Suppose I have an image and I want to find a subarray with shape 3x3 that contains the maximum sum compared to other subarrays.
How do I do that in python efficiently (run as fast as possible)? If you can provide a sample code that would be great.
My specific problem:
I want to extract the location of the center of the blob in this heatmap
I don't want to just get the maximum point because that would cause the coordinate to not be very precise. The true center of the blob could actually be between 2 pixels. Thus, it's better to do weighted average between many points to obtain subpixel precision. For example, if there are 2 points (x1,y1) and (x2,y2) with values 200 and 100. Then the average coordinate will be x=(200*x1+100*x2)/300 y=(200*y1+100*y2)/300
One of my solution is to do a convolution operation. But I think it's not efficient enough because it requires multiplication to the kernel (which contains only ones). I'm looking for a fast implementation so I cannot do looping myself because I'm not sure if it will be fast.
I want to do this algorithm to 50 images every few milliseconds. (Image come in as a batch). Concretely, think of these images as output of a machine learning model that output heatmaps. In order to obtain the coordinate from these heatmaps, I need to do some kind of weighted average between the coordinates with high intensity. My idea is to do a weighted average around 3x3 area on the image. I am also open to other approaches that can be faster or more elegant.
Looking for the "subarray of shape 3x3 with the maximum sum" is the same as looking for the maximum of an image after it has been filtered with an un-normalized 3x3 box filter. So it boils down to finding efficiently the maximum of an image, which you assume is a (perhaps "noisy") discrete sample of an underlying continuous and smooth signal - hence your desire to find a sub-pixel location.

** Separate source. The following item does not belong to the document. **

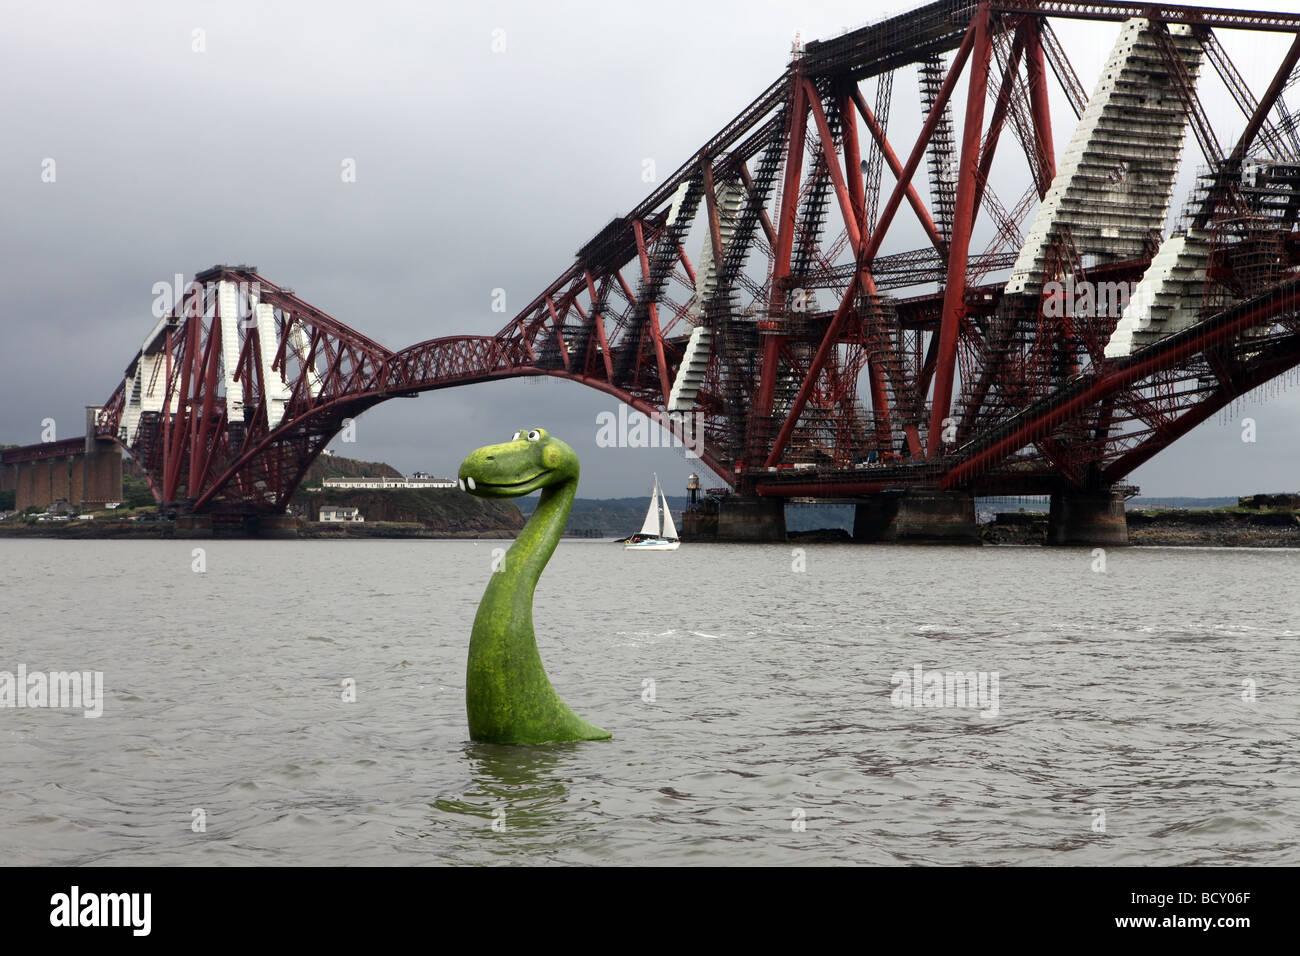 Modèle réaliste du Loch Ness dans l'eau à l'estuaire de la Forth à côté de la Forth Rail Bridge, Edinburgh, Ecosse, Royaume-Uni Banque D'Images

You really need to split the problem in 2 parts:
Find the pixel location m=(xm, ym) of the maximum value of the image. This requires no more than a visit of every pixel in the image, and one comparison per pixel, so it's O(N) and hence optimal as long as you are operating at the native image resolution. In OpenCv it is done using
the minMaxLoc function.
Apply whatever model of the image you are using to find its (subpixel-interpolated) maximum in a neighborhood of m.
To clarify point (2): you write
I don't want to just get the maximum point because that would cause the coordinate to not be very precise. The true center of the blob could actually be between 2 pixels
While intuitively plausible, this assertion needs to be made more precise in order to be computable. That is, you need to express mathematically what assumptions you make about the image, that bring you to search for a "true" maximum between pixel-sampled location.

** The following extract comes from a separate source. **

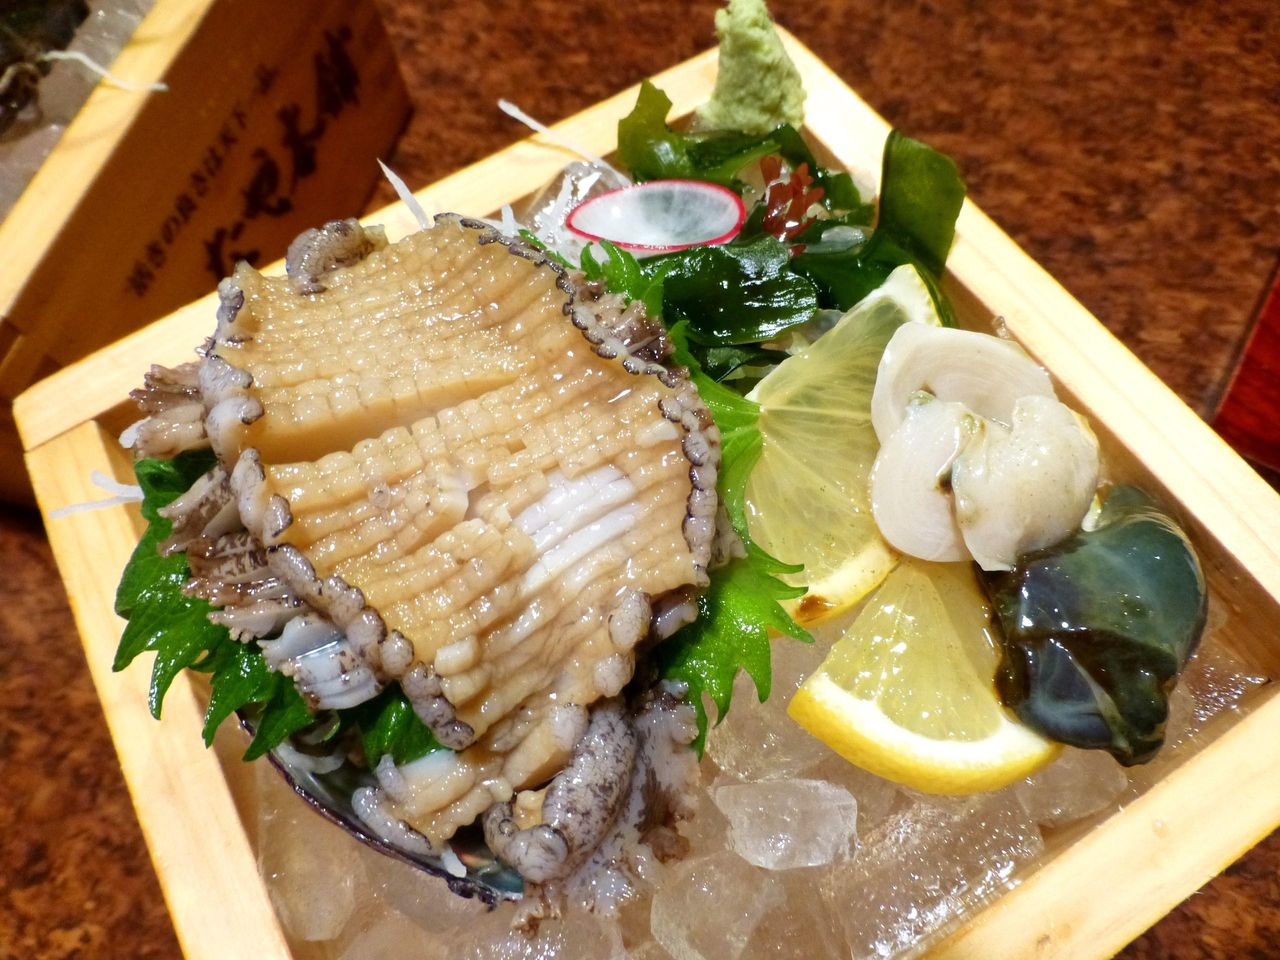 さかなや本舗 秋田の さかなや本舗 で 鮮度抜群の海産物と郷土料理 Gakudaiの週末はデカ盛り

A simple example for such assumptions is quadratic smoothness. In this scenario you assume that, in a small (say, 3x3, of 5x5) neighborhood of the "true" maximum location, the image signal z is well approximated by a quadratic:
z = A00 dx^2 + A01 dx dy + A11 dy^2 + A02 dx + A12 dy + A22
where:
dx = x - xm; dy = y - ym
This assumption makes sense if the underlying signal is expected to be at least 3rd order continuous and differentiable, because of the Taylor series theorem. Geometrically, it means that you assume (hope?) that the signal looks like a quadric (a paraboloid, or an ellipsoid) near its maximum.
You can then evaluate the above equation for each of the pixels in a neighborhood of m, replacing the actual image values for z, and thus obtain a linear system in the unknown Aij, with as many equations as there are neighbor pixels (so even a 3x3 neighborhood will yield an over-constrained system). Solving the system in the least-squares sense gives you the "optimal" coefficients Aij. The theoretical maximum as predicted by this model is where the first partial derivatives vanish:
del z / del dx = 2 A00 dx + A01 dy = 0
del z / del dy = A01 dx + 2 A11 dy = 0
This is a linear system in the two unknown (dx, dy), and solving it yields the estimated location of the maximum and, through the above equation for z, the predicted image value at the maximum.

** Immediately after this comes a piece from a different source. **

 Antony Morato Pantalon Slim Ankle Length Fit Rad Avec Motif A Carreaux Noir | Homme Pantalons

In terms of computational cost, all such model estimations are extremely fast, compared with traversing an image of even moderate size.
I am sorry I did not exactly understand the meaning of your last paragraph so I have just stopped at a point where I got all the coordinates having the maximum value. I have used cv2.filter2D for convolution on a thresholded image and then using np.amax and np.where have found the coordinates having the maximum value.
import cv2
import numpy as np
from timeit import default_timer as timer
img = cv2.imread('blob.png', 0)
start = timer()
_, thresh = cv2.threshold(img, 240, 1, cv2.THRESH_BINARY)
mask = np.ones((3, 3), np.uint8)
res = cv2.filter2D(thresh, -1, mask)
result = np.where(res == np.amax(res))
end = timer()
print(end - start)
I don't whether it as efficient as you want or not but the output was 0.0013461999999435648 s
P.S. The image you have provided had a white border which I had to crop out for this method.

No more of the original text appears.